Harpur Trust v Brazel: Holiday Pay Law Explained | What UK Employers Must Do Now
TUESDAY BLOG
Employment Law Case: Harpur Trust v Brazel – Holiday Pay Lessons for Employers
Employment law continues to evolve, and recent tribunal and appellate decisions highlight how important it is for employers to calculate holiday pay correctly.
One significant case that continues to affect many employers is Harpur Trust v Brazel, which clarified how holiday entitlement should be calculated for workers with irregular working patterns.
What Happened?
The case involved a music teacher who worked during school terms but was engaged on a permanent contract. Her employer calculated holiday pay using the commonly used 12.07% method, which assumes workers are paid only for the hours they work.
However, the UK Supreme Court ruled that this method was incorrect for workers engaged on permanent contracts.

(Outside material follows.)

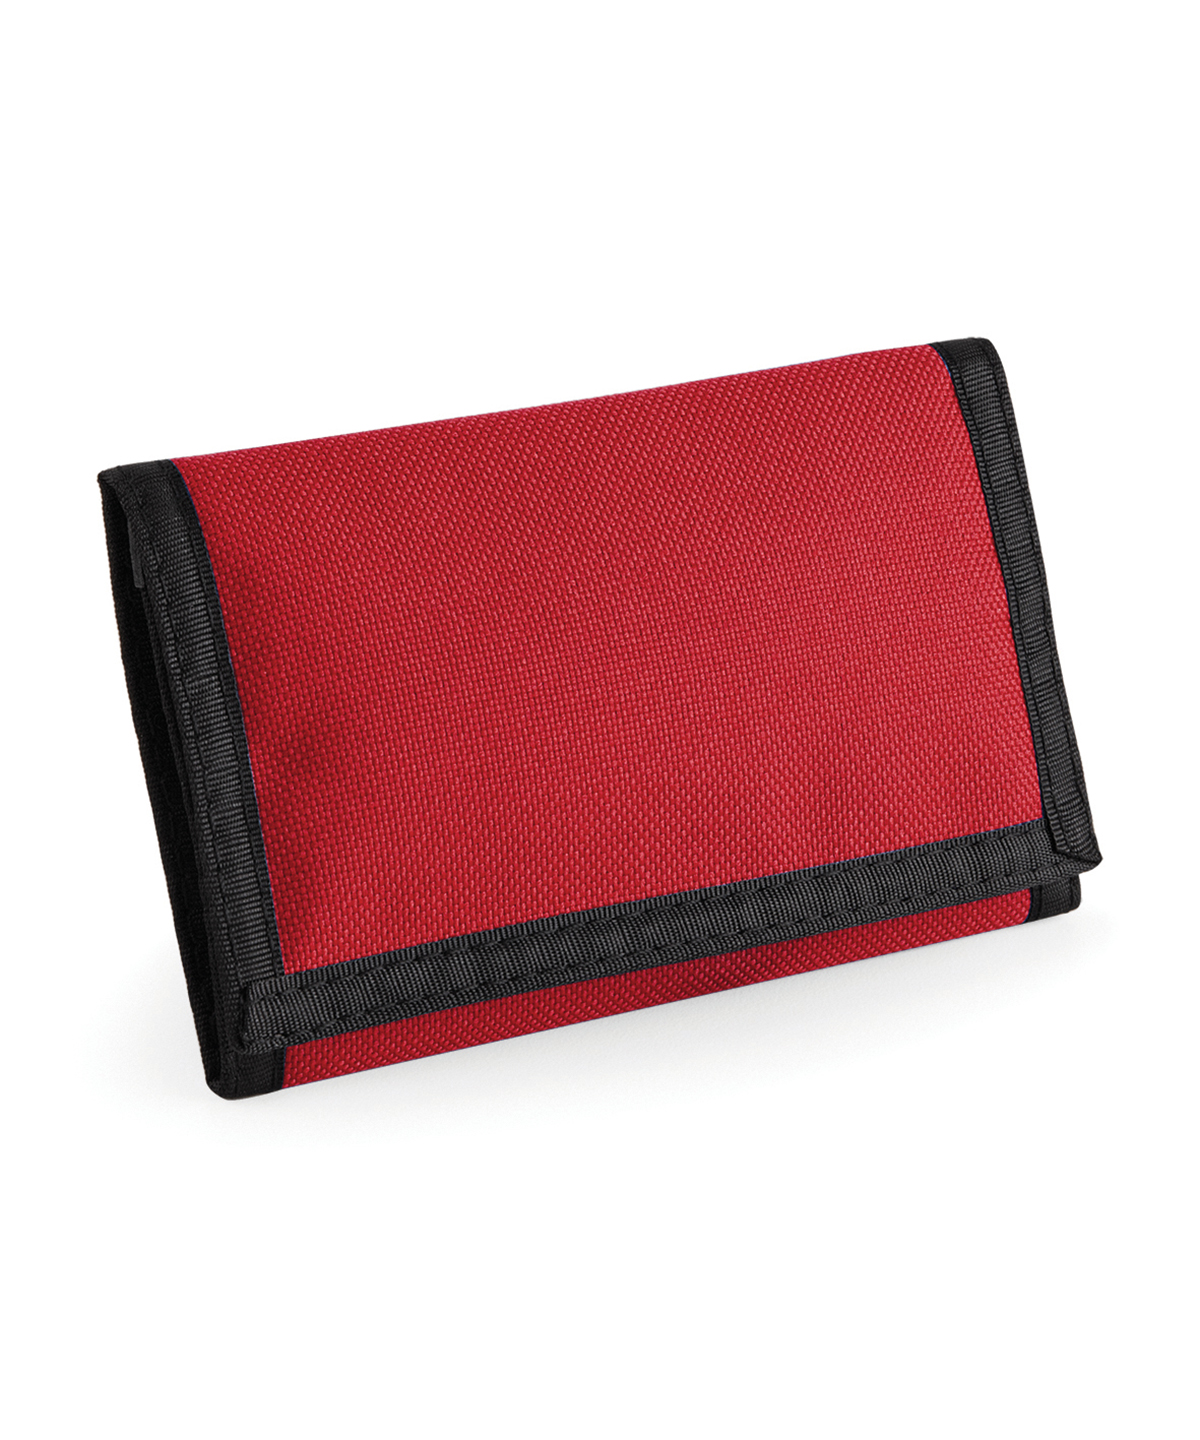 Ripper Wallet Classic Red Size One Size

Instead, holiday pay should be calculated using the statutory reference period (now 52 weeks) of paid work.
Key Lessons for Employers
The ruling confirmed that employers must ensure holiday pay calculations comply with statutory requirements.
Important points include:
• The 12.07% method is not lawful for workers on permanent contracts
• Holiday pay should be based on the 52-week average pay reference period
• Employers must review contracts for part-year and irregular workers
Why This Matters
Incorrect holiday pay calculations can expose employers to:
• unlawful deduction of wages claims
• backdated holiday pay liabilities
• Employment Tribunal claims
Employers should regularly review payroll processes and employment contracts to ensure compliance.
Comment from Matthew Chilcott – Owner, Consensus HR
“Holiday pay is one of the most common areas where employers unknowingly make mistakes. Cases like this highlight the importance of reviewing payroll processes and employment contracts to ensure they remain compliant with UK employment law.”